• _Exercise instructions_
The expected result is an exact restatement of the data, free of pictures.

• _Data provided_
==*==
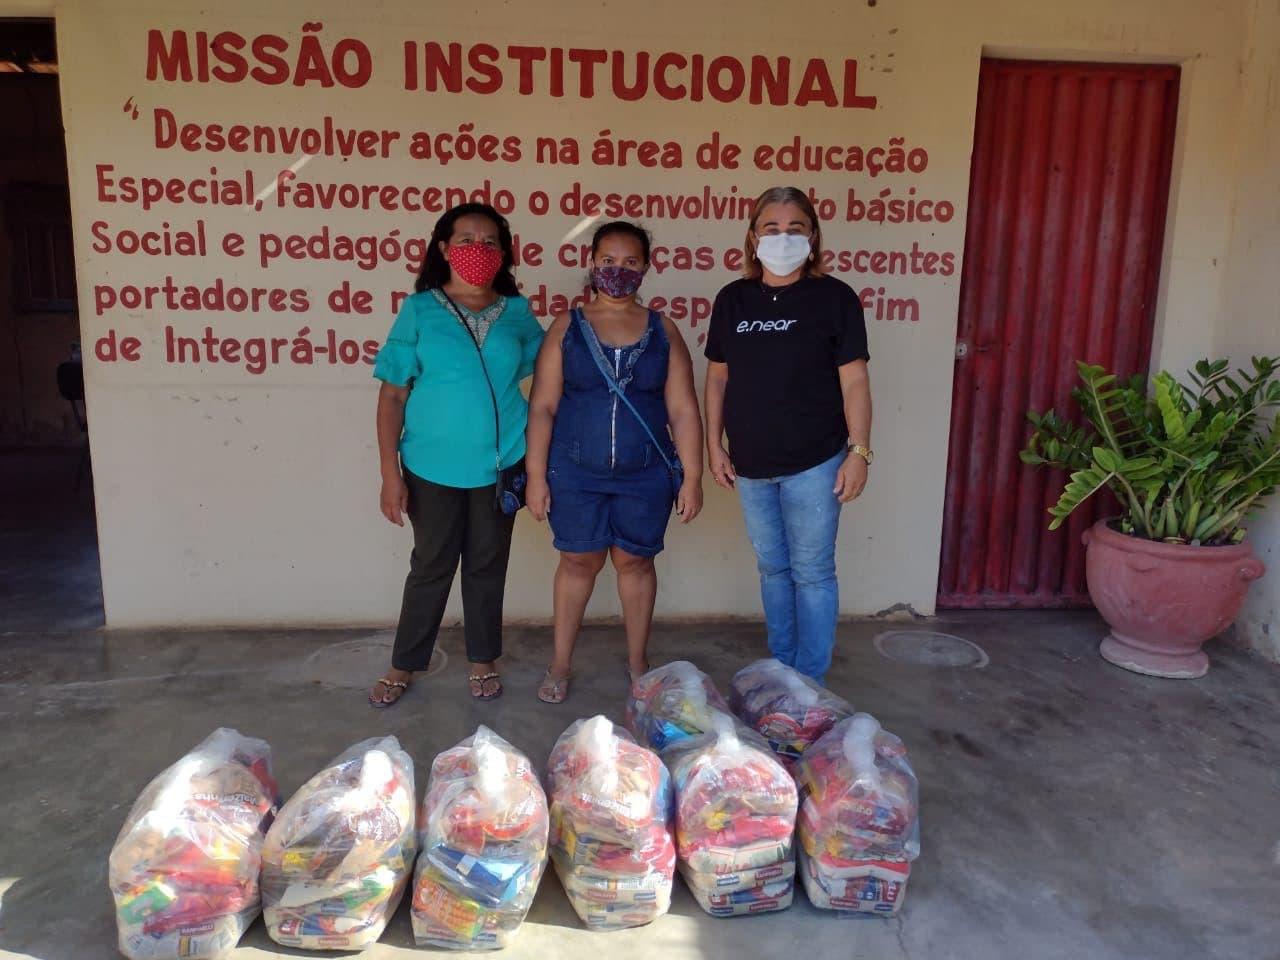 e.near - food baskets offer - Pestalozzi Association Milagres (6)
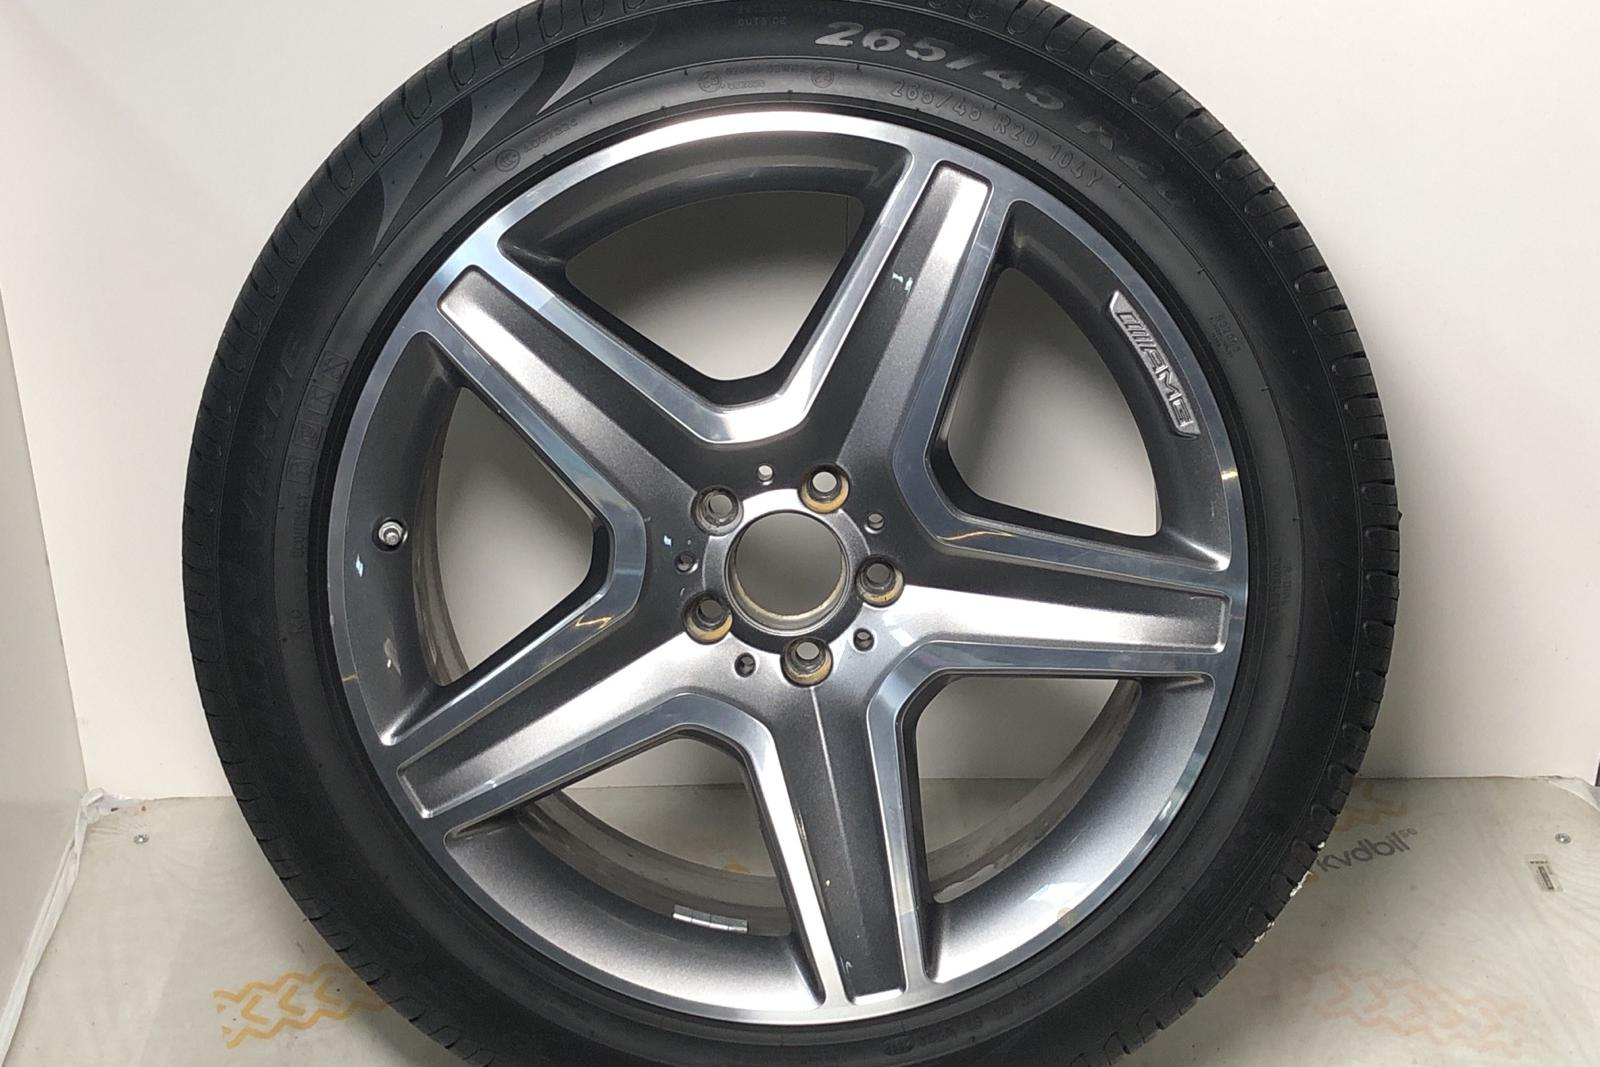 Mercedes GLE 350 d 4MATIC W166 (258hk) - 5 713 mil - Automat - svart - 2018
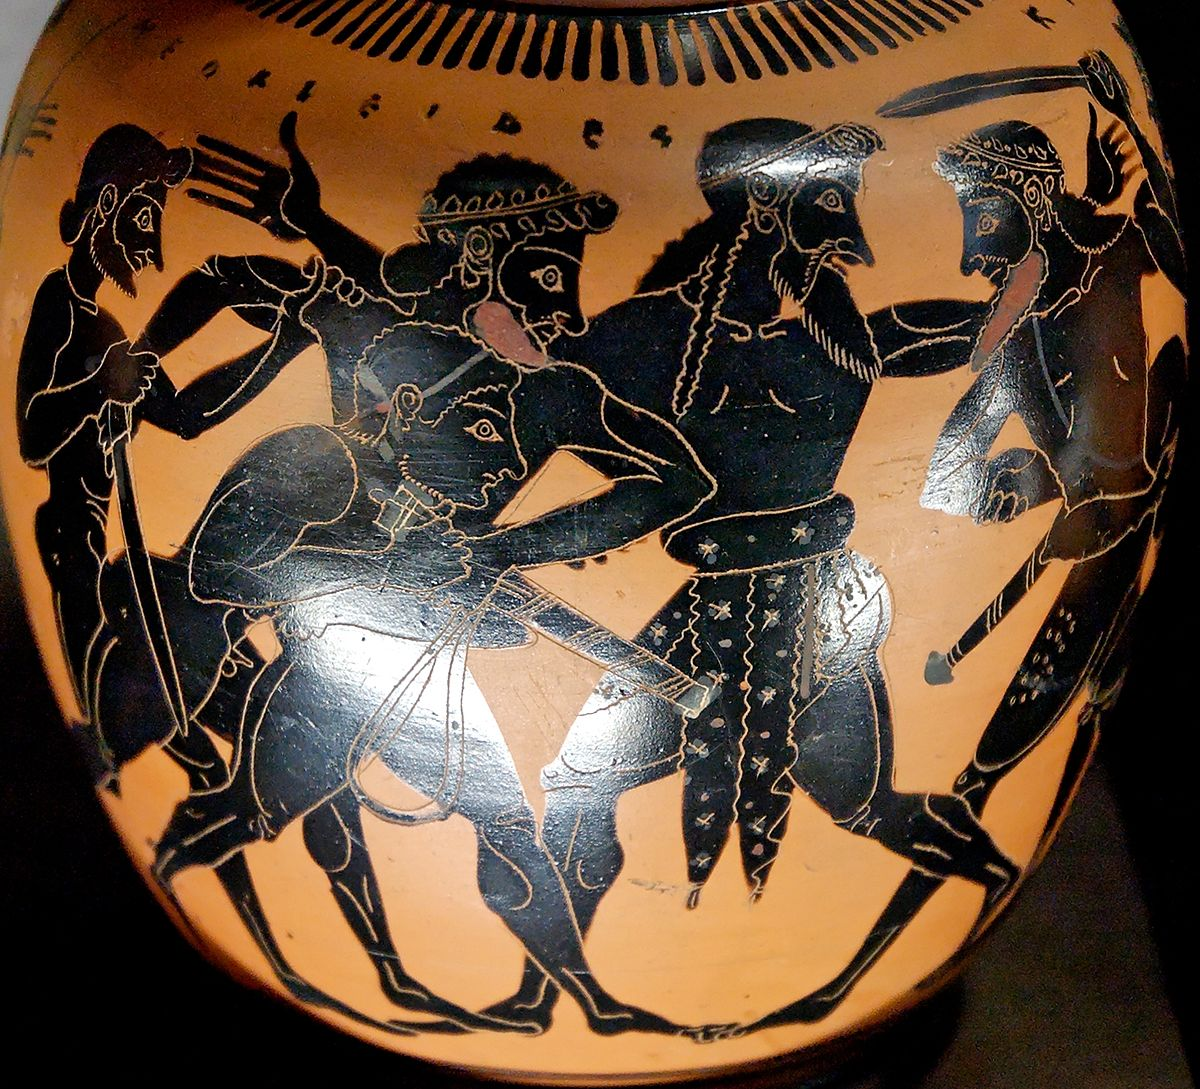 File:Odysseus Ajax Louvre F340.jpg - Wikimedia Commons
==*==
• _Result for this task_
 e.near - food baskets offer - Pestalozzi Association Milagres (6)
 Mercedes GLE 350 d 4MATIC W166 (258hk) - 5 713 mil - Automat - svart - 2018
 File:Odysseus Ajax Louvre F340.jpg - Wikimedia Commons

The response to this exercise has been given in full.